As an example of how this works, Reach Financial states that if you are approved for a five-year loan of $10,000 with an interest rate of 8.93% and an origination fee of $500, your loan would have a total APR — a measure of the cost of your loan including both interest and fees — of 9.80%. You'd then pay $207.20 a month for 60 months until your loan is paid off, resulting in a total payment of $12,435.
Fees: Reach Financial charges an origination fee of 0% to 8% of your loan amount.
Where can you apply for a Reach Financial loan? Reach Financial is not licensed to provide loans in the states of Alabama, Alaska, Arkansas, Colorado, Connecticut, Delaware, Illinois, Indiana, Kentucky, Minnesota, Mississippi, Nebraska, Nevada, New Mexico, New York, North Carolina, Ohio, Utah, Vermont, Virginia, West Virginia and Wyoming.

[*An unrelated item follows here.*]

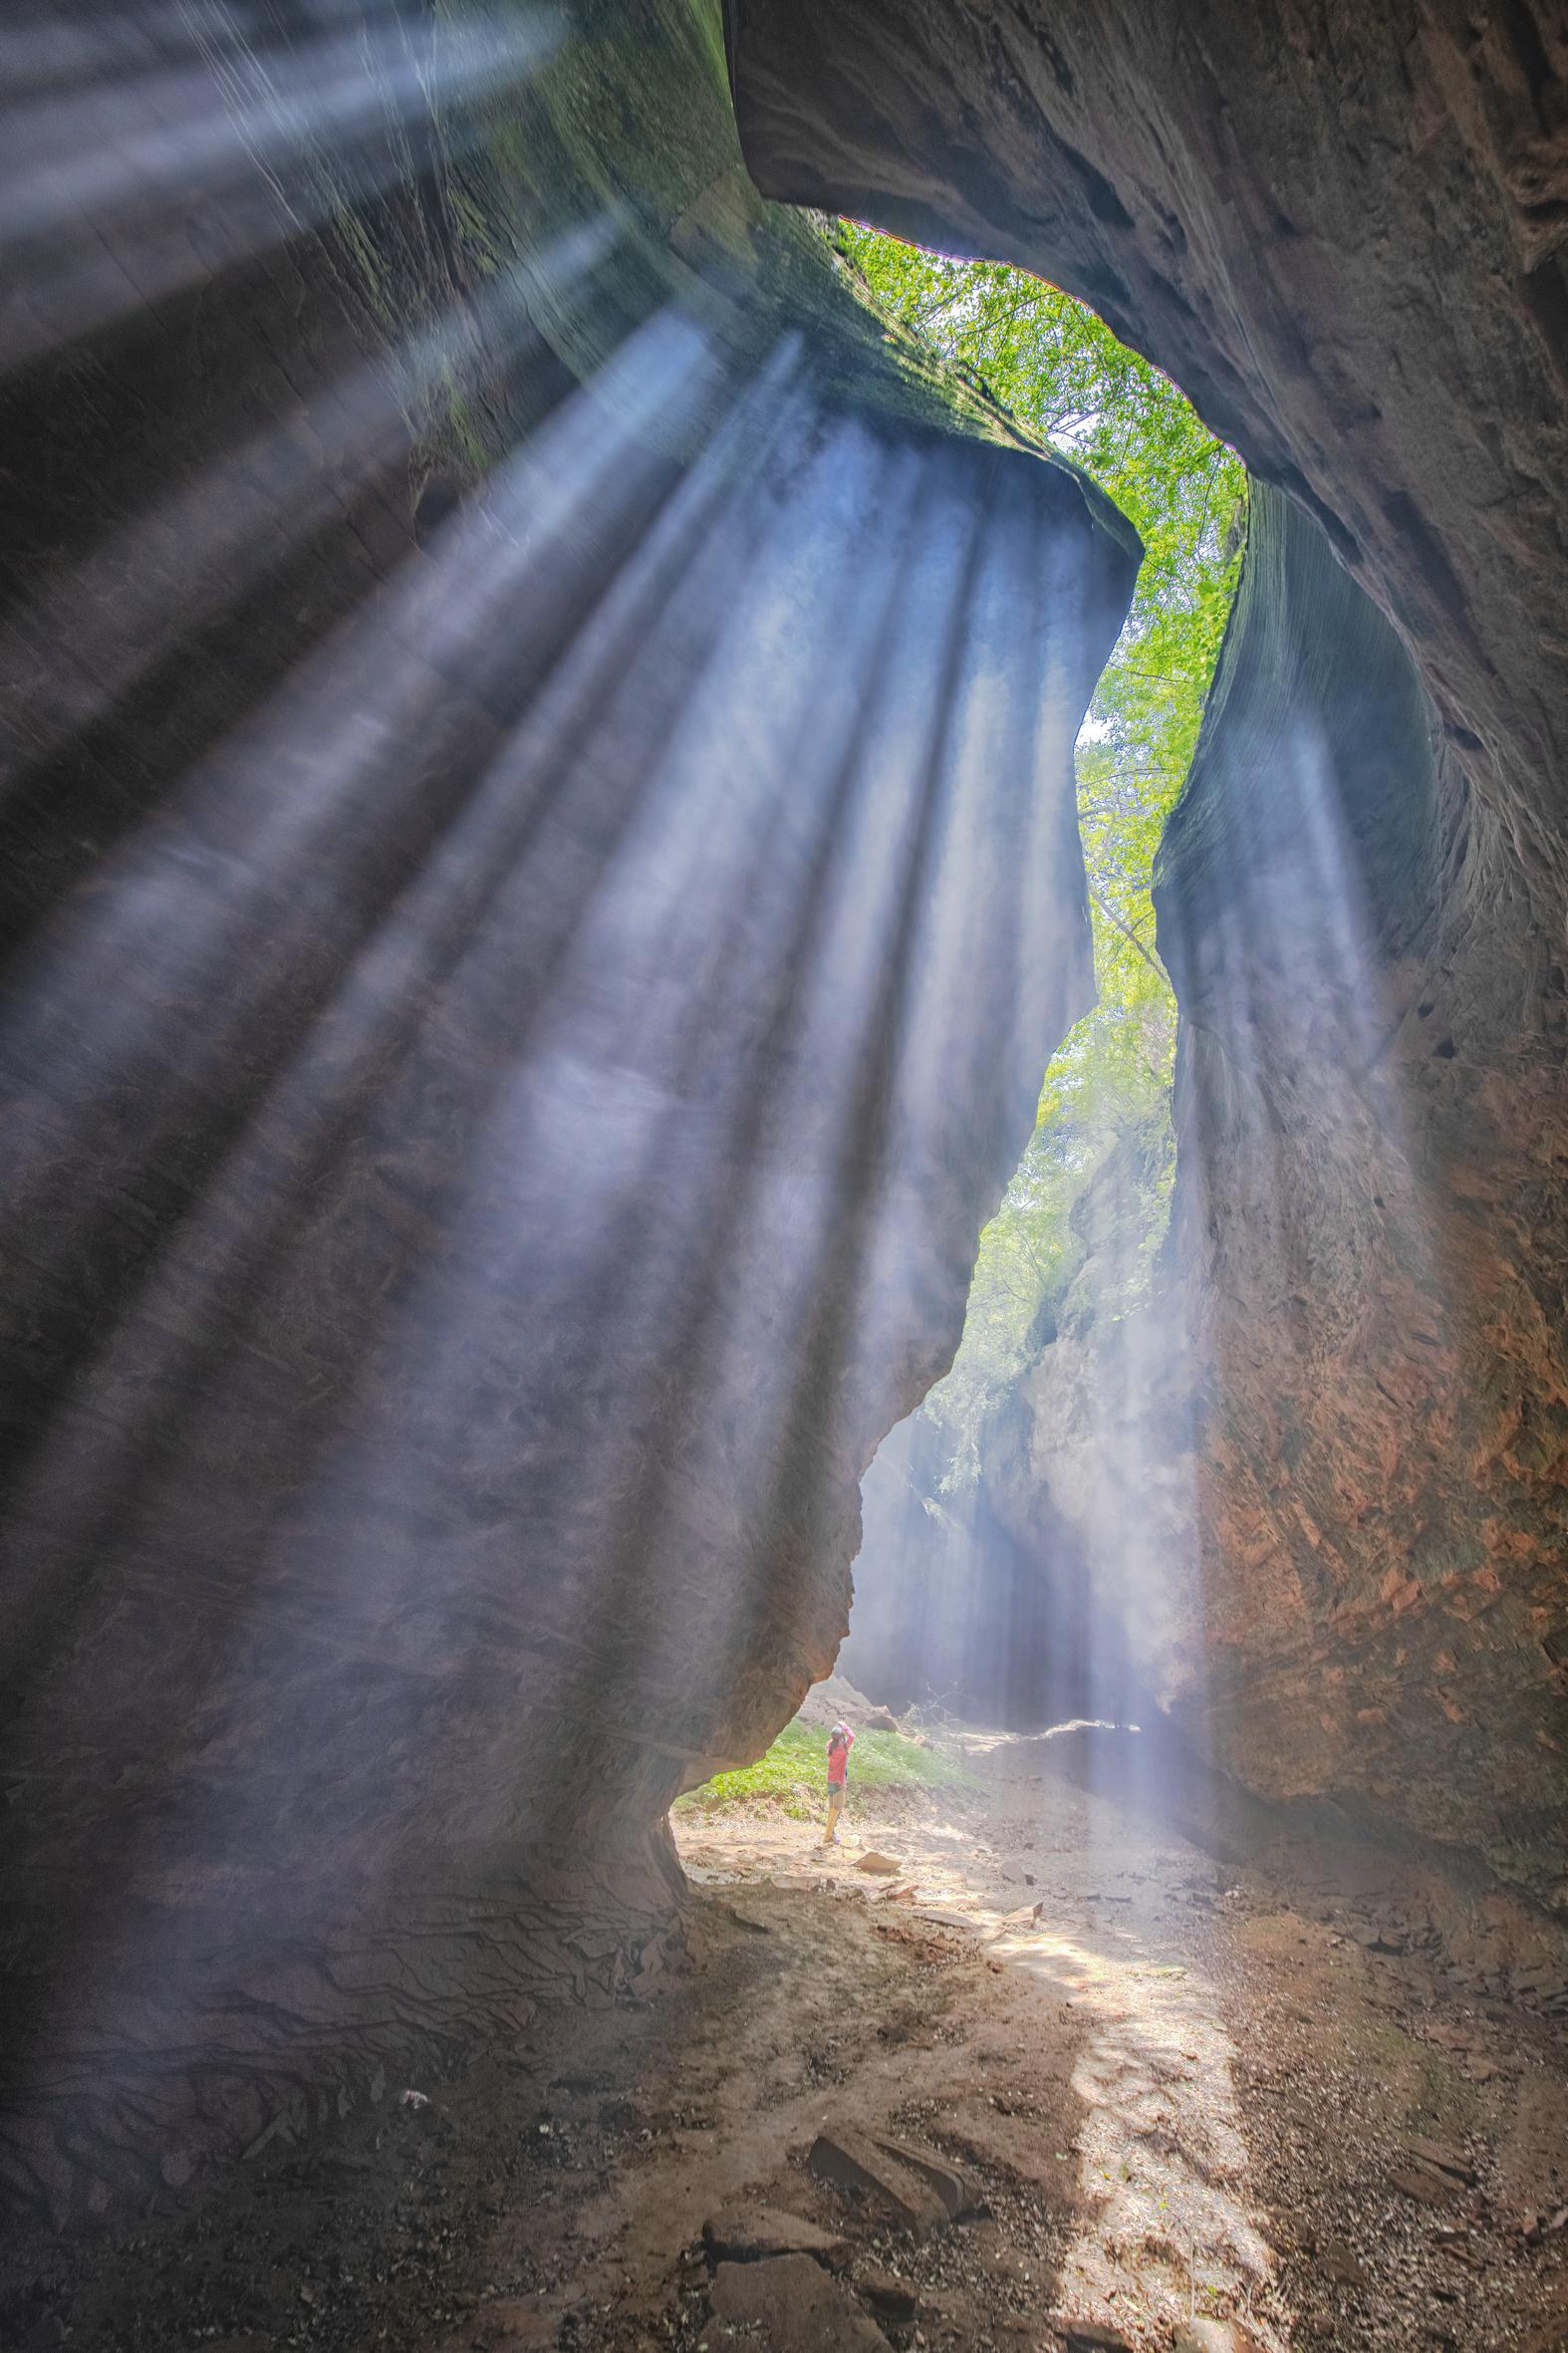 「山人行摄」甘泉大峡谷是有灵魂的立体画廊

Best debt consolidation companies summary
Lender name
Origination fees
Interest rates
Amount you can borrow
SoFi
None
8.99% to 25.81%
$5,000 to $100,000
Upgrade
1.99% to 9.99% of loan amount
8.49% to 35.99%
$1,000 to $50,000
Upstart
Up to 12% of loan amount
5.2% to 35.99%
$1,000 to $50,000
Wells Fargo
None
8.49% to 24.99%
$3,000 to $100,000
LightStream
None
8.99% to 25.49%
$5,000 to $100,000
Reach Financial
0% to 8% of loan amount
5.99% to 35.99%
$3,500 to $40,000
Why you should consider debt consolidation
Debt consolidation isn’t for everyone. But if you owe tens of thousands of dollars of credit card debt with high interest rates? If you can qualify for a personal loan with an interest rate near the 10% range, you could save thousands of dollars in interest by using the funds from these loans to pay off your high-interest-rate credit card debt.
You’ll be swapping credit card interest rates that could be as high as 29.99% with a personal loan rate that could be half of that or lower.

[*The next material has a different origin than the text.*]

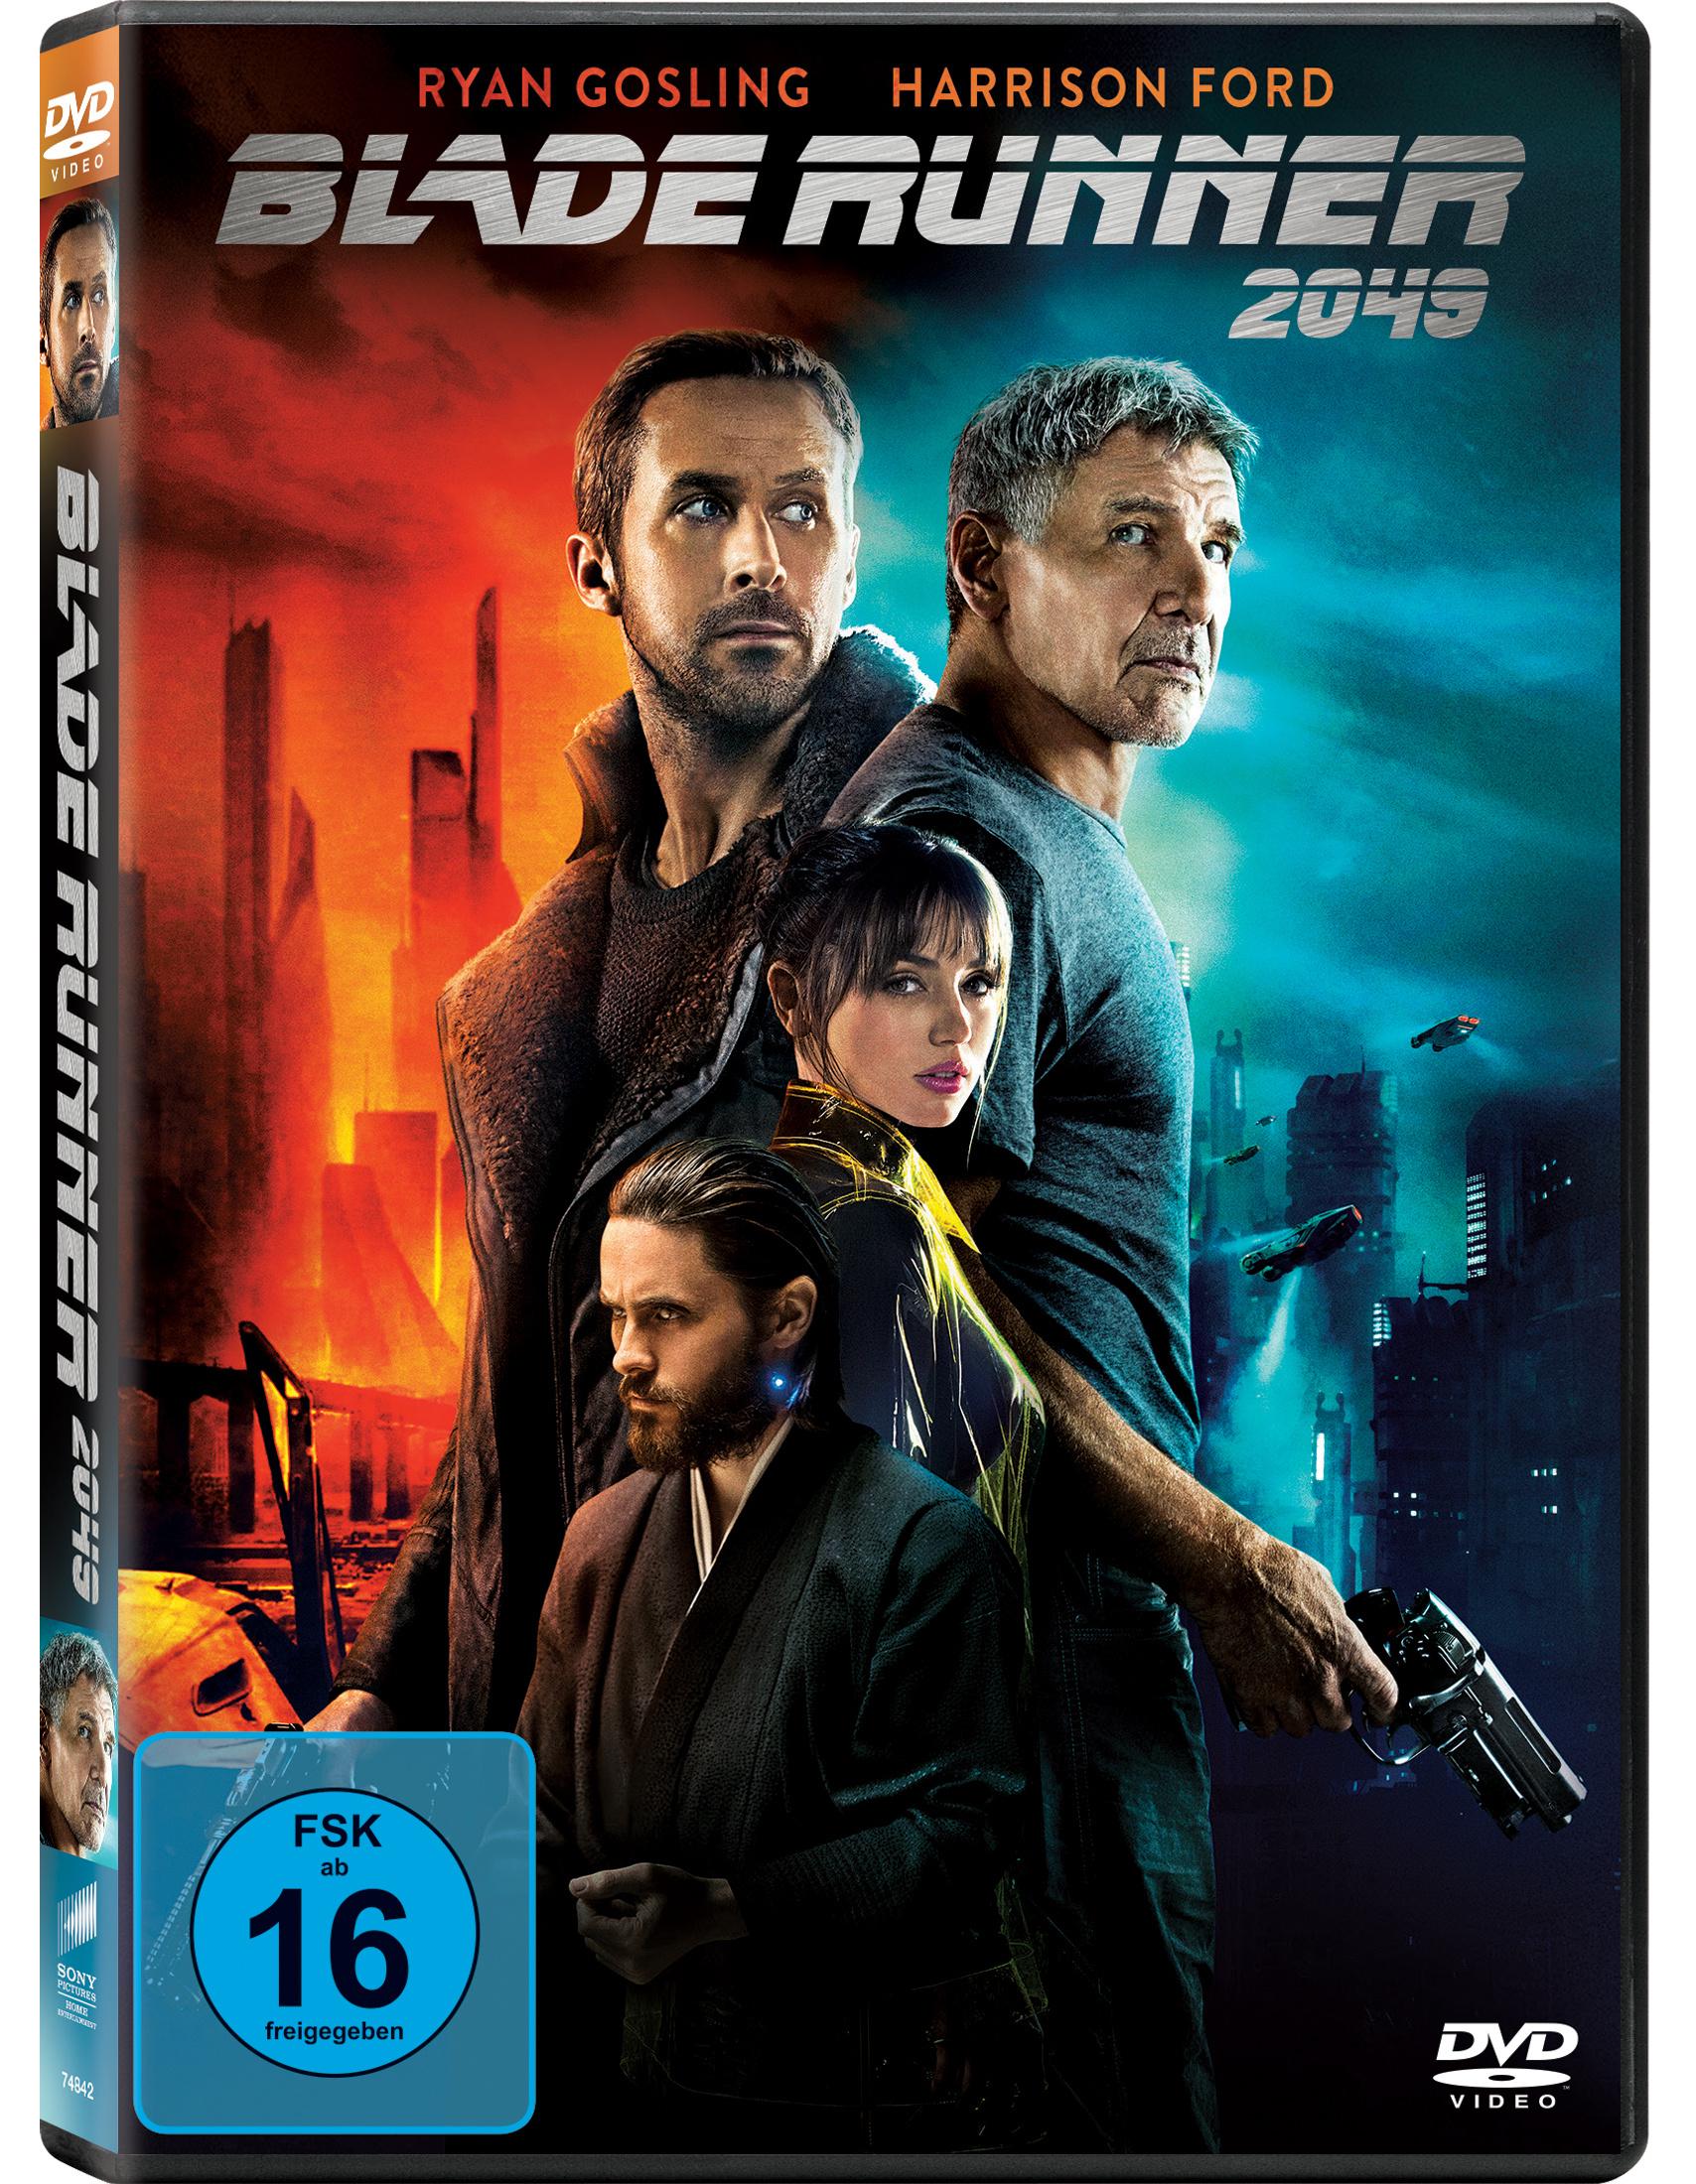 Image of Blade Runner 2049

Just be sure that you take out a personal loan with a monthly payment you can afford. You don’t want to struggle to pay your debt consolidation loan. If you do and you fall behind? Your credit score will fall every time you pay 30 days or more past your due date. A single late payment could cause your three-digit FICO credit score to tumble by 100 points or more.

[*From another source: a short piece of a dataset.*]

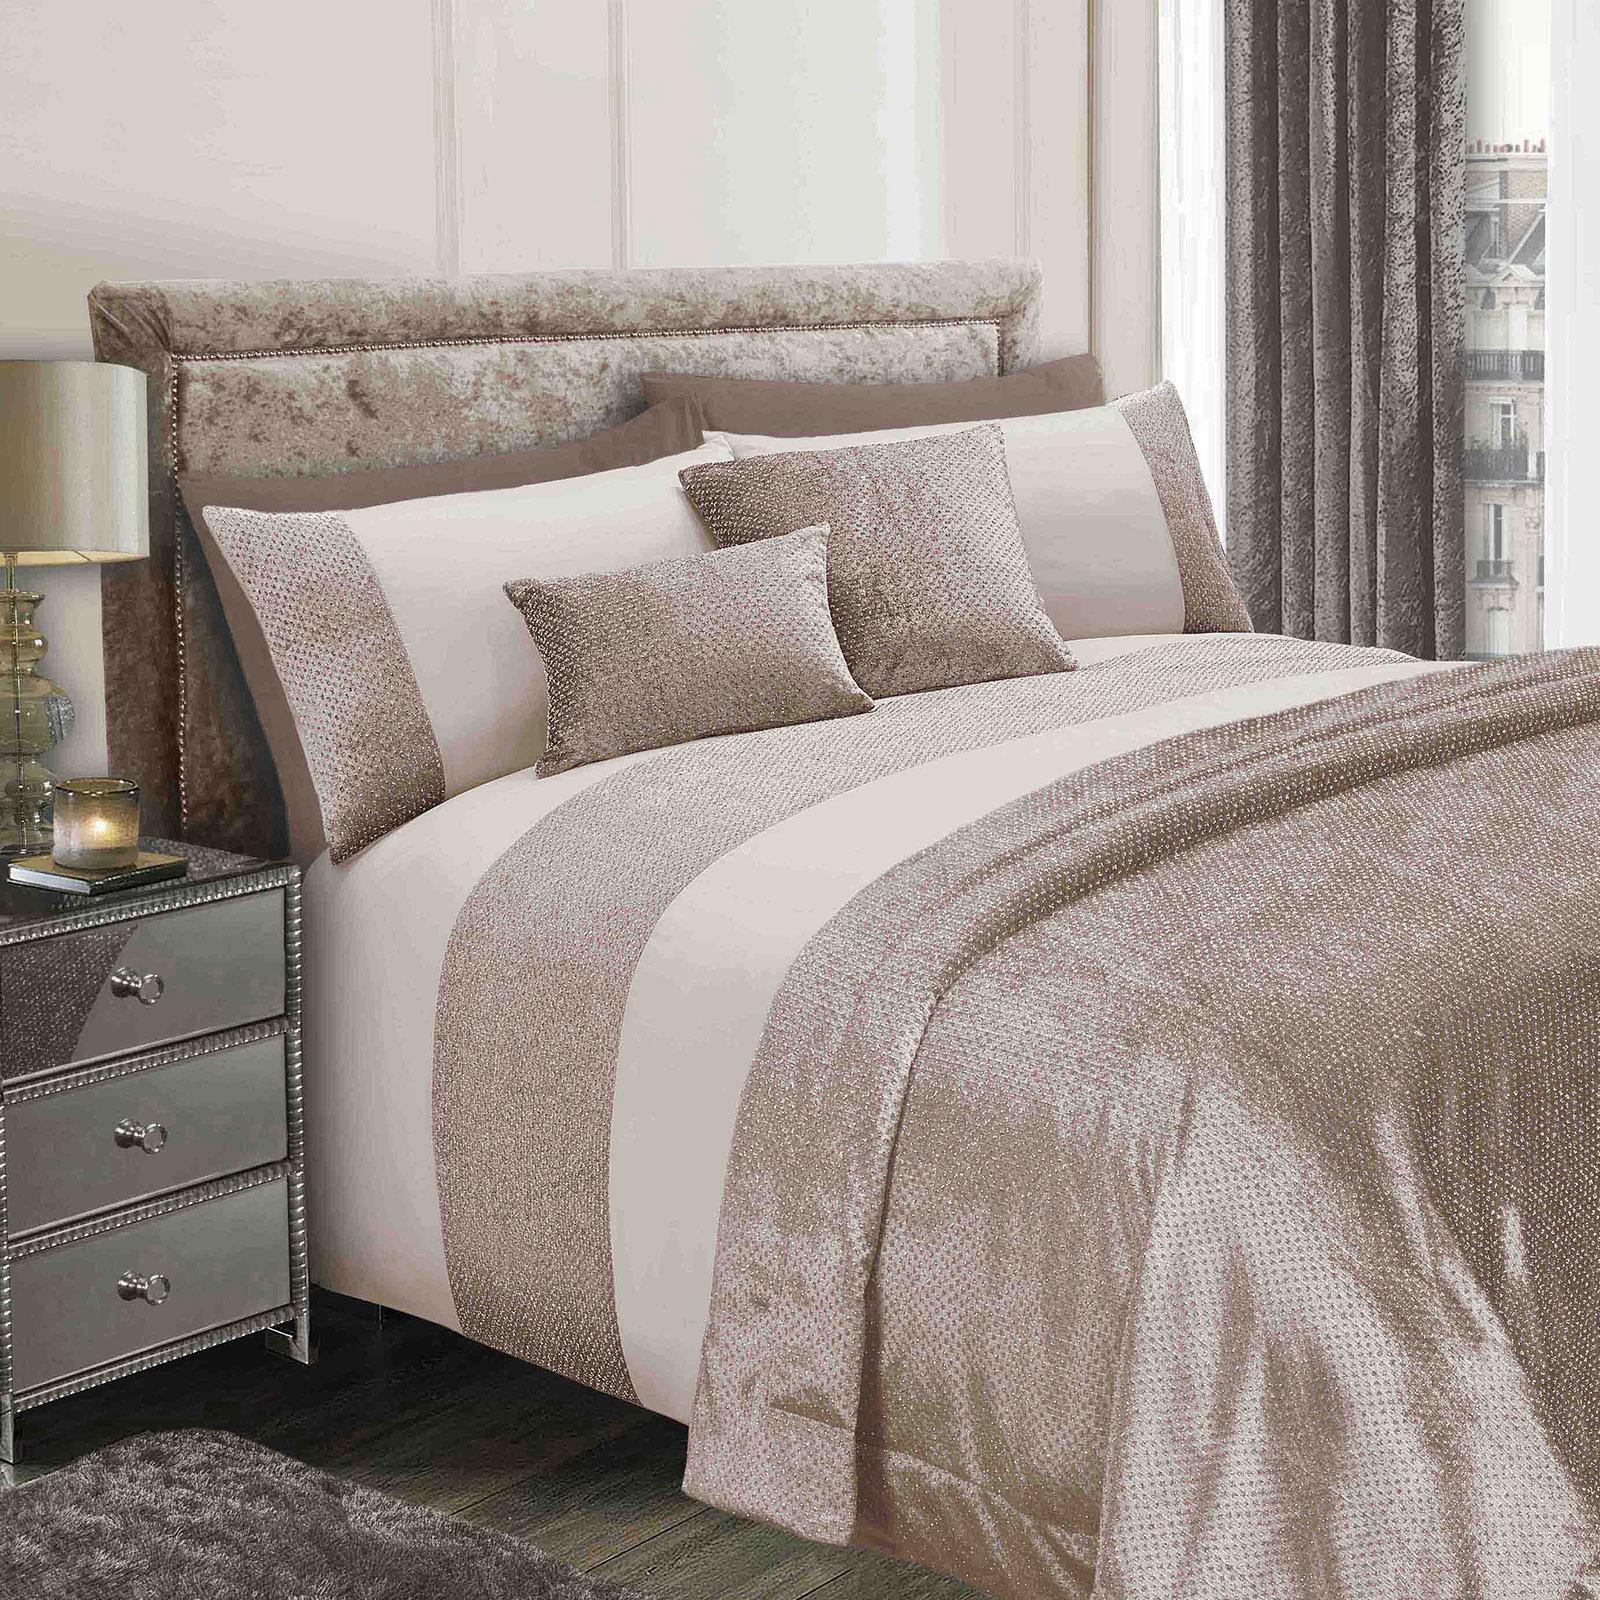 sienna glitter velvet duvet cover with pillowcase bedding. Black Bedroom Furniture Sets. Home Design Ideas

Consolidating your credit card and personal loan debt into a single loan could help you gain control over your financial health. The key is to do your research: You want to find a debt consolidation company that offers a loan with the lowest interest rates and fees. If you do, you can simplify your life by swapping several credit card and personal loan payments with one monthly charge.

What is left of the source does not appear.